Abstract
Pythia Analytics is an investment research system built around a strict boundary: deterministic financial logic owns the numbers, while AI helps explain, check, and operationalize the research. The product combines valuation models, saved analyses, portfolio workflows, app-run execution, Supabase persistence, approval gates, and public documentation into one stateful workflow.
The diagrams below are the shortest accurate version of the architecture.

1. Why The App Exists
The original problem was not "build an AI stock picker." It was more practical: investment research falls apart when evidence, valuation work, notes, portfolio decisions, and trade follow-through live in separate places.
Pythia tries to make that work stateful. A single analysis should become durable research state. A portfolio decision should be connected to the research that justified it. A trade outcome should be reviewed against the thesis that created it. AI can help compress and explain the system, but it should not replace the system.
2. The Core Architecture
The app is a Dash application with route-level pages, shared services, deterministic valuation logic, and Supabase-backed persistence.
The important boundary is not framework-specific.
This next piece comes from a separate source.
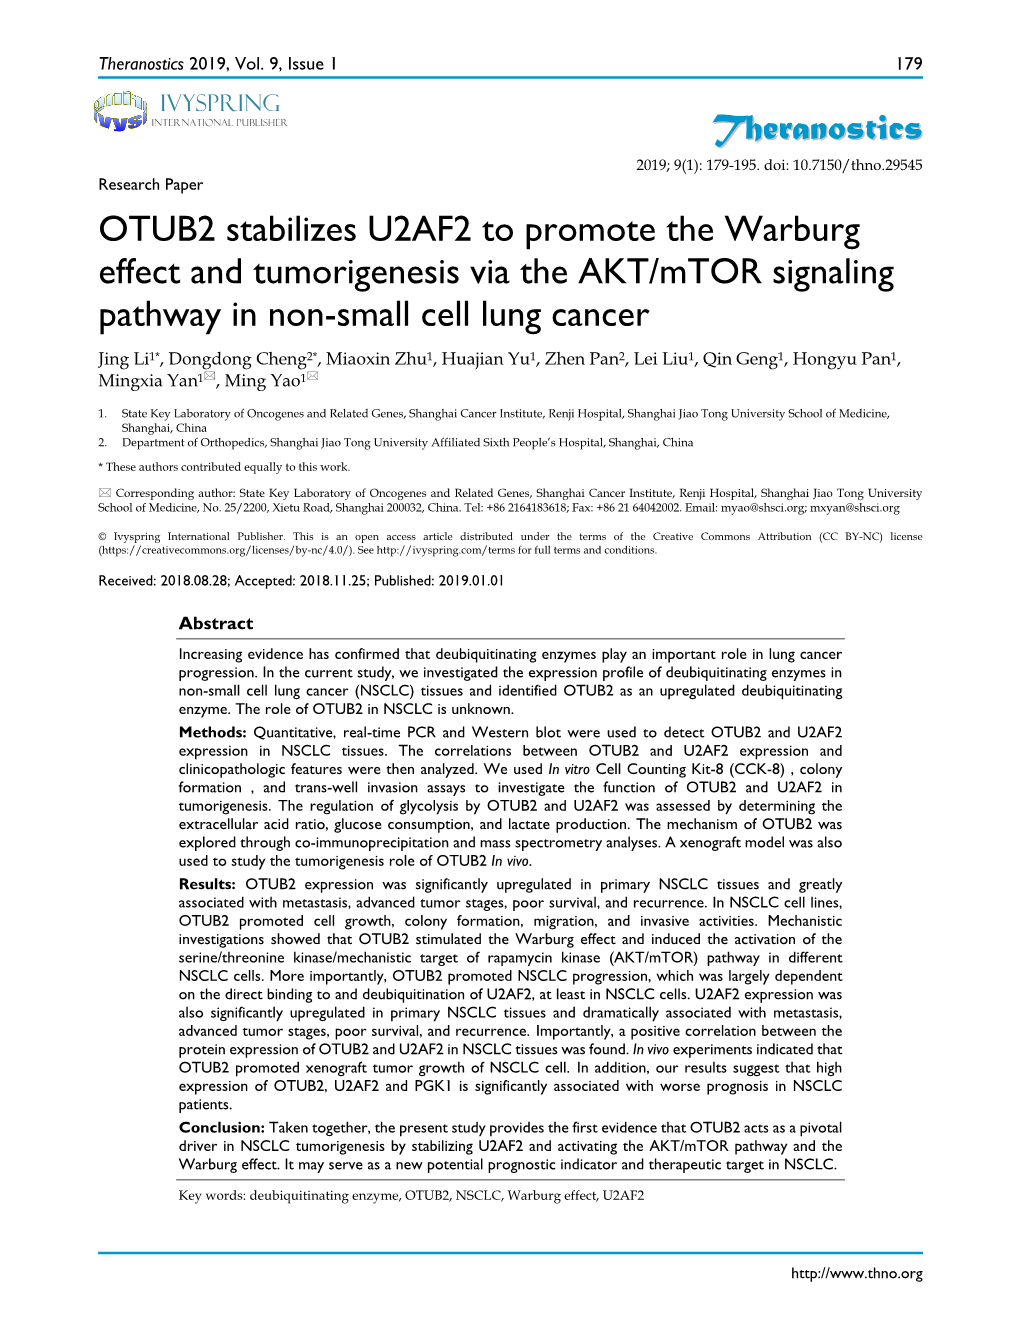 Theranostics OTUB2 Stabilizes U2AF2 to Promote the Warburg Effect and Tumorigenesis Via the AKT/Mtor Signaling Pathway in Non-Sm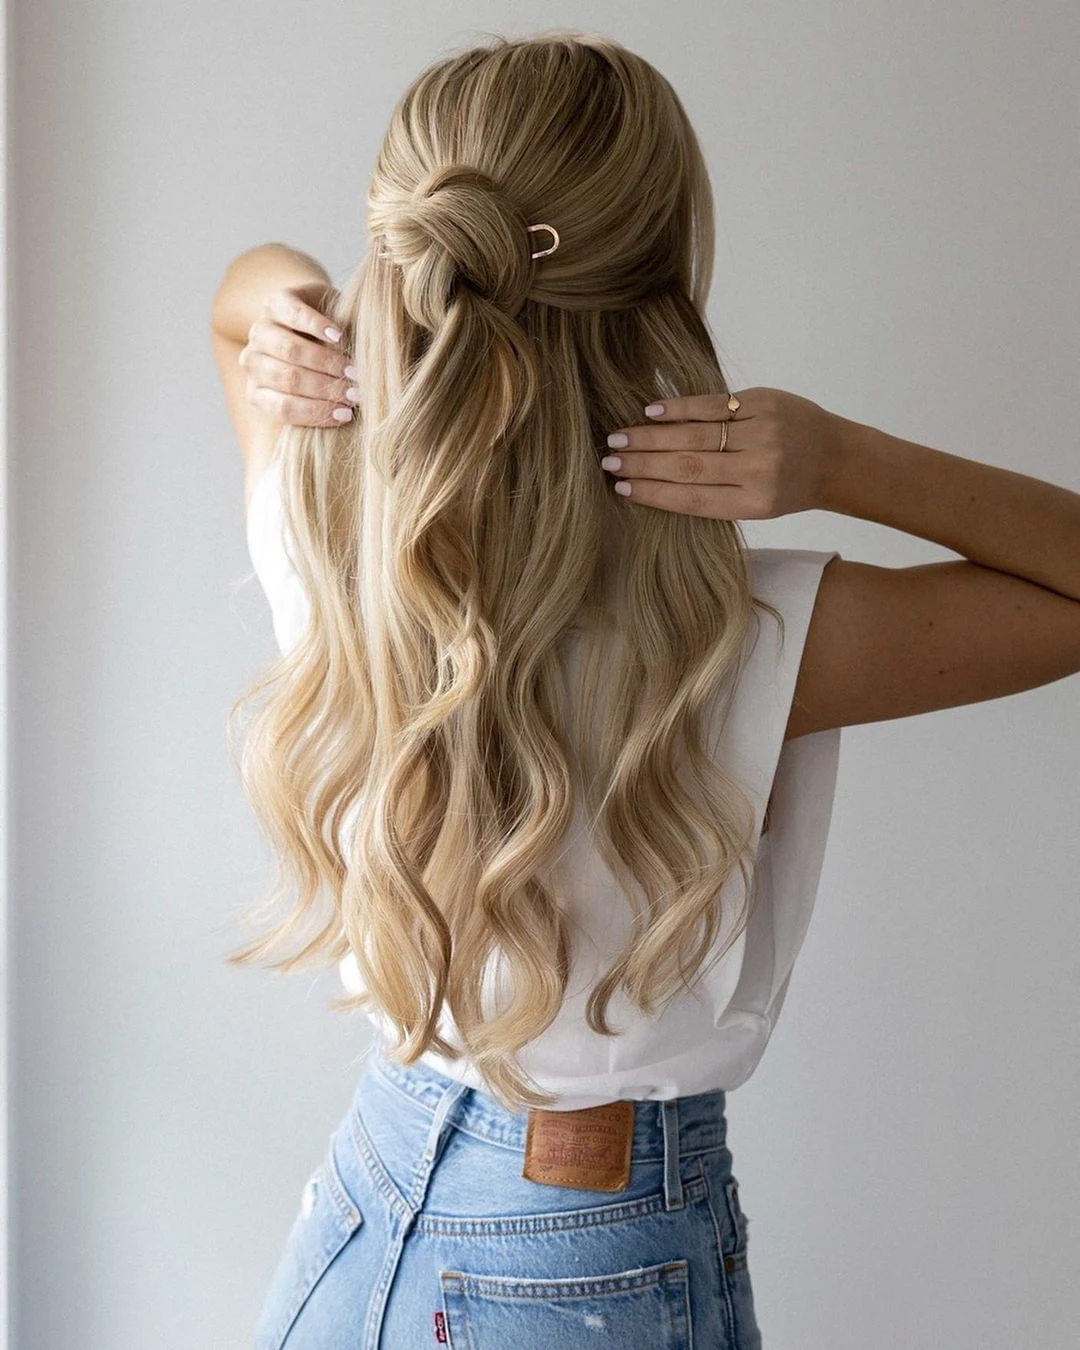 29 Quick and easy hairstyles perfect for prom, weddings, graduation and ...

It is epistemic:
- UI surfaces let the user inspect and act.
- Deterministic services compute prices, metrics, valuation outputs, freshness, and policy gates.
- Supabase and
app_runspreserve durable state and audit history. - LLM/agent layers interpret, summarize, draft, and propose next actions.
- Human approvals remain the gate for durable writes and sensitive actions.
That is why the diagram separates user surfaces, Pythia services, app-run runtime, Supabase, and orchestration instead of showing one giant AI box.
3. Saved Analysis Is The Product Spine

The strongest product idea in Pythia is that saved analysis is not a PDF-style output. It is reusable app state.
A ticker run can produce deterministic valuation tables, peer context, market evidence, commentary, and recommendation logic. Once saved, that record can be revisited and reused by Portfolio Lab, Master Synthesis, recommendation review, thesis tracking, and later comparisons. The app becomes more useful as research accumulates because prior work remains queryable and operational.
4. Quant First, AI Second

The quantitative layer includes financial statements, metrics, industry averages, competitor context, historical comparisons, valuation methods, blended fair value, and structured evidence bundles. Commentary is downstream of that layer.
This is the most important technical claim in the app: AI does not create the financial truth. It interprets an evidence package that the deterministic pipeline prepared. That keeps the work inspectable. It also gives the model something better to do than guess: explain the contradiction, compare the peer set, challenge a valuation assumption, or write a thesis-breaker.
5. Runtime, Agents, And Approvals
Pythia uses app_runs and app_run_events as the durable runtime backbone. Background work can be queued, logged, inspected, retried, and surfaced through Activity Center. AG-UI-style live streaming can make the UI feel immediate, but it projects existing run events rather than replacing them.
Agent workflows follow the same rule. The agent can classify intent, read substrate data, prepare drafts, and create approval requests. It should not silently write a portfolio, promote memory, or trigger expensive actions without the user seeing the decision boundary.
6. Tenant Boundary

The security model has to preserve user-scoped research, portfolios, settings, approvals, and drafts. Browser sessions, app routes, Supabase RLS, service-role background workers, and public launch assets are different trust zones.
That distinction matters because some background workers need service-role access outside a browser request. Service role does not mean unbounded product behavior. The worker still needs user identity, run context, table scope, and audit records.
7. What This Proves
Pythia is not impressive because it has an AI layer. Many apps do. The more interesting part is that the AI layer is constrained by a product architecture: deterministic valuation, durable saved research, user-scoped persistence, approval gates, and replayable workflows.
That is the technical thesis: a useful AI finance product should make the underlying evidence more inspectable, not less.